* **What is required**
Retype, without pictures, the line holding "C:\Documents and Settings\Школа\Мои" and each line below it through the final line.

* **Dataset excerpt**
------------------------------------------------------------
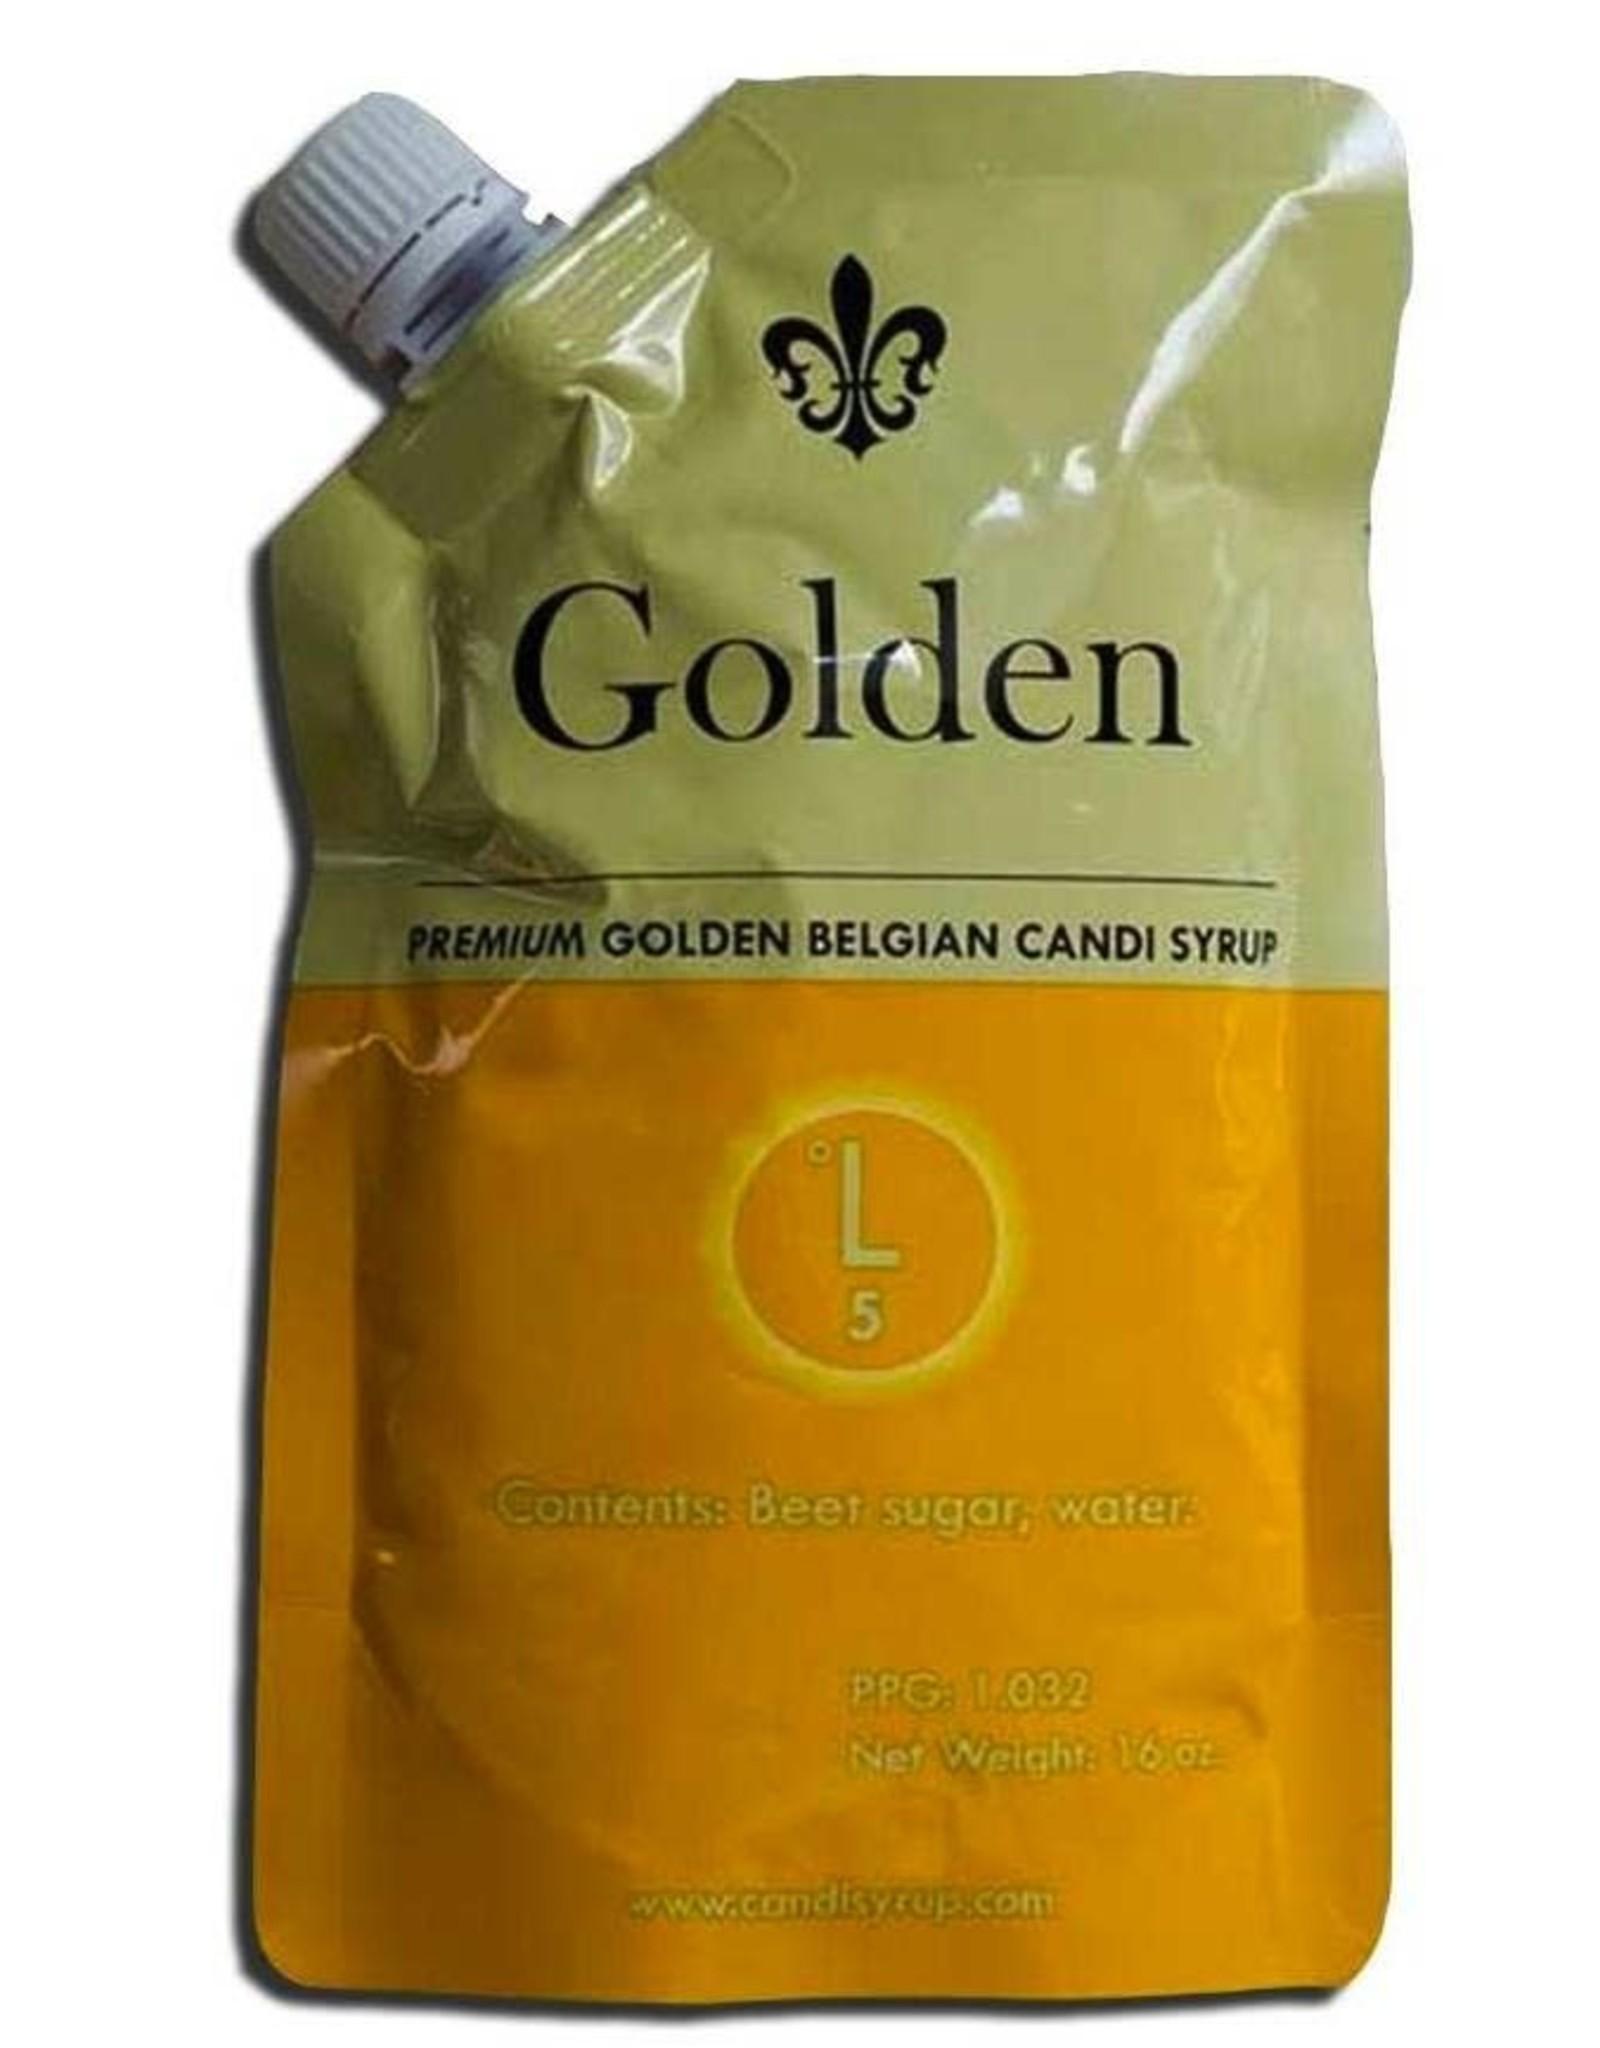 Candi Syrup - Golden 5 Lovibond 1 lb
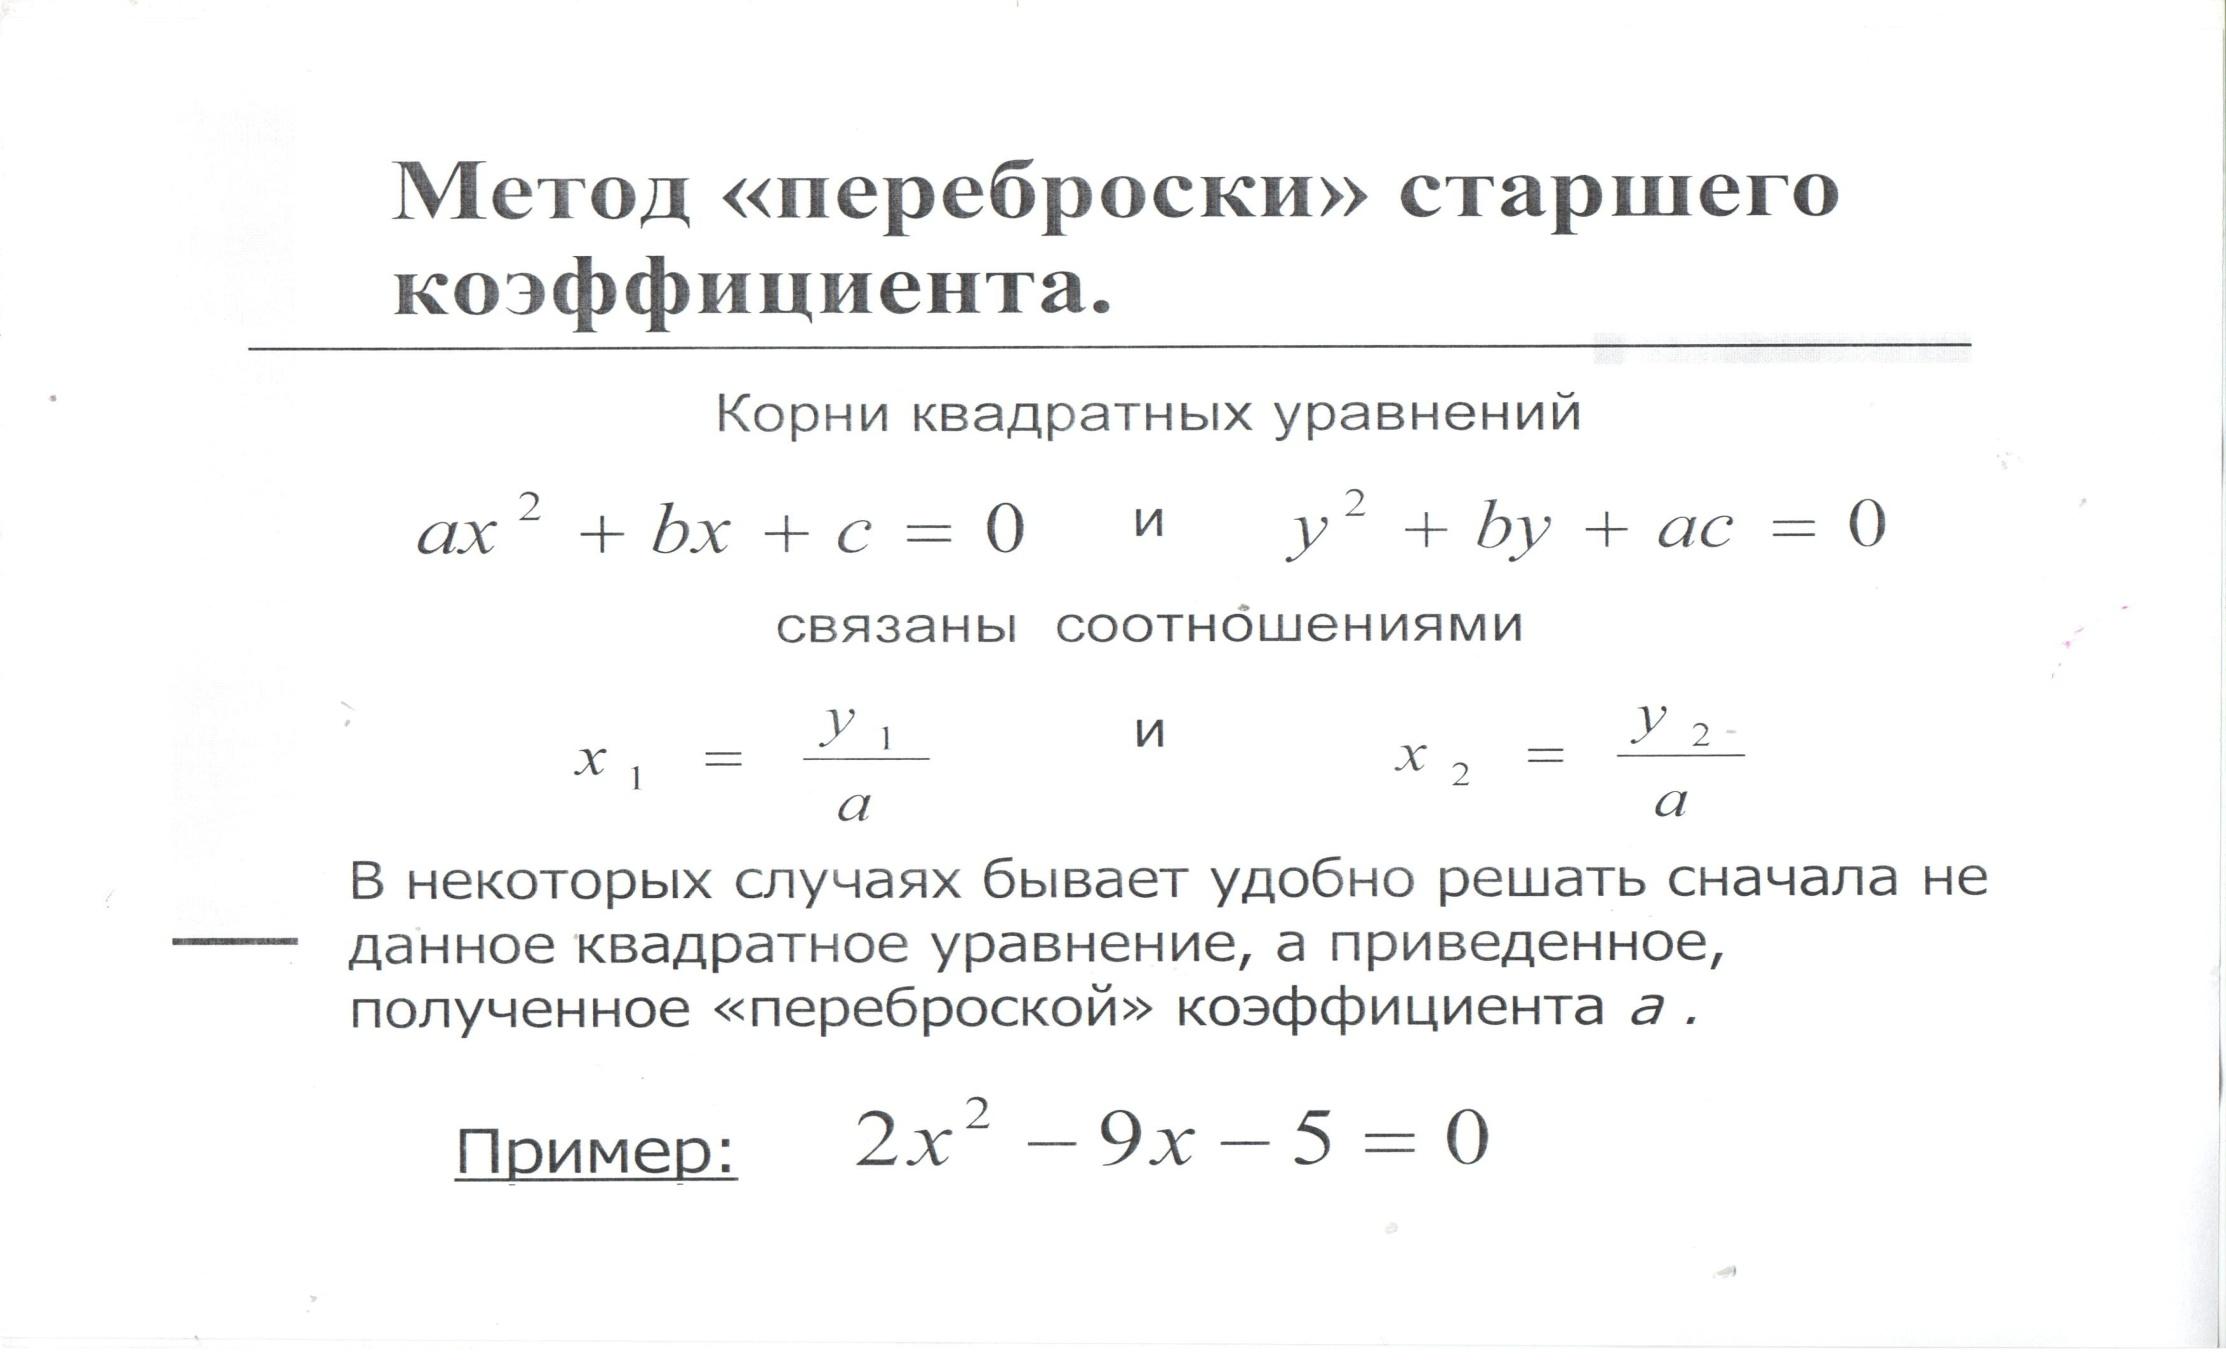 C:\Documents and Settings\Школа\Мои документы\Мои рисунки\Изображение\Изображение 028.jpg
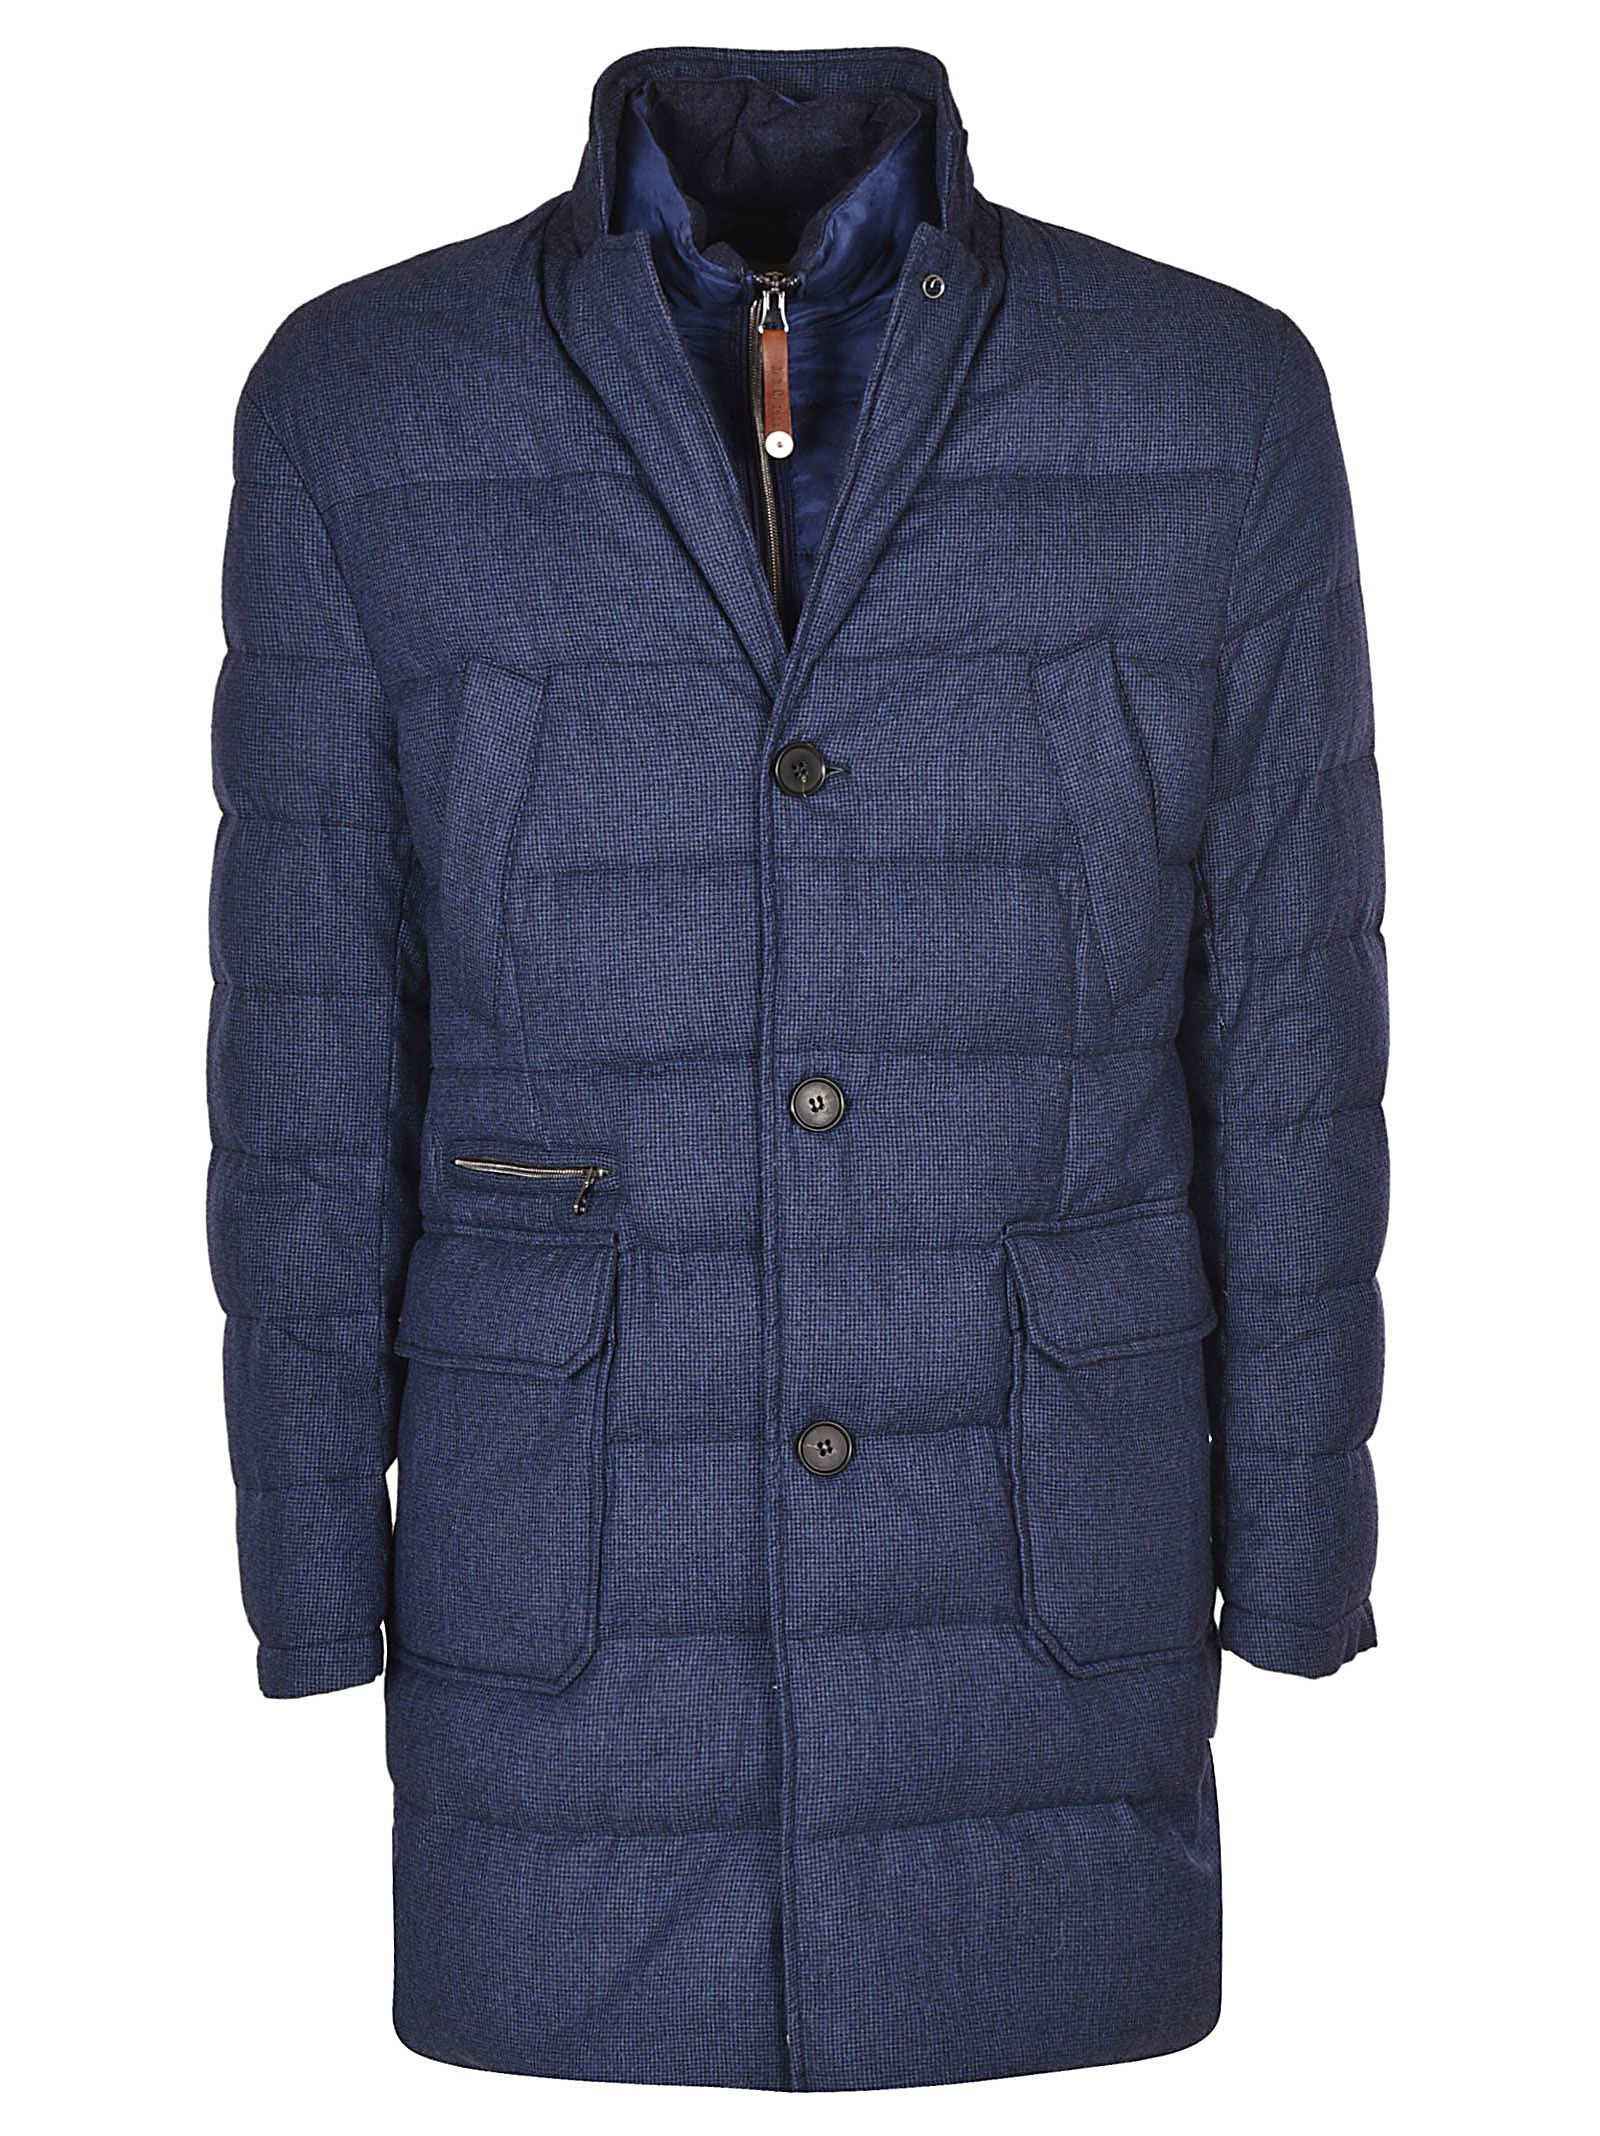 LUIGI BIANCHI MANTOVA Single Breasted Coat in U
------------------------------------------------------------
* **Exercise output**
 C:\Documents and Settings\Школа\Мои документы\Мои рисунки\Изображение\Изображение 028.jpg
 LUIGI BIANCHI MANTOVA Single Breasted Coat in U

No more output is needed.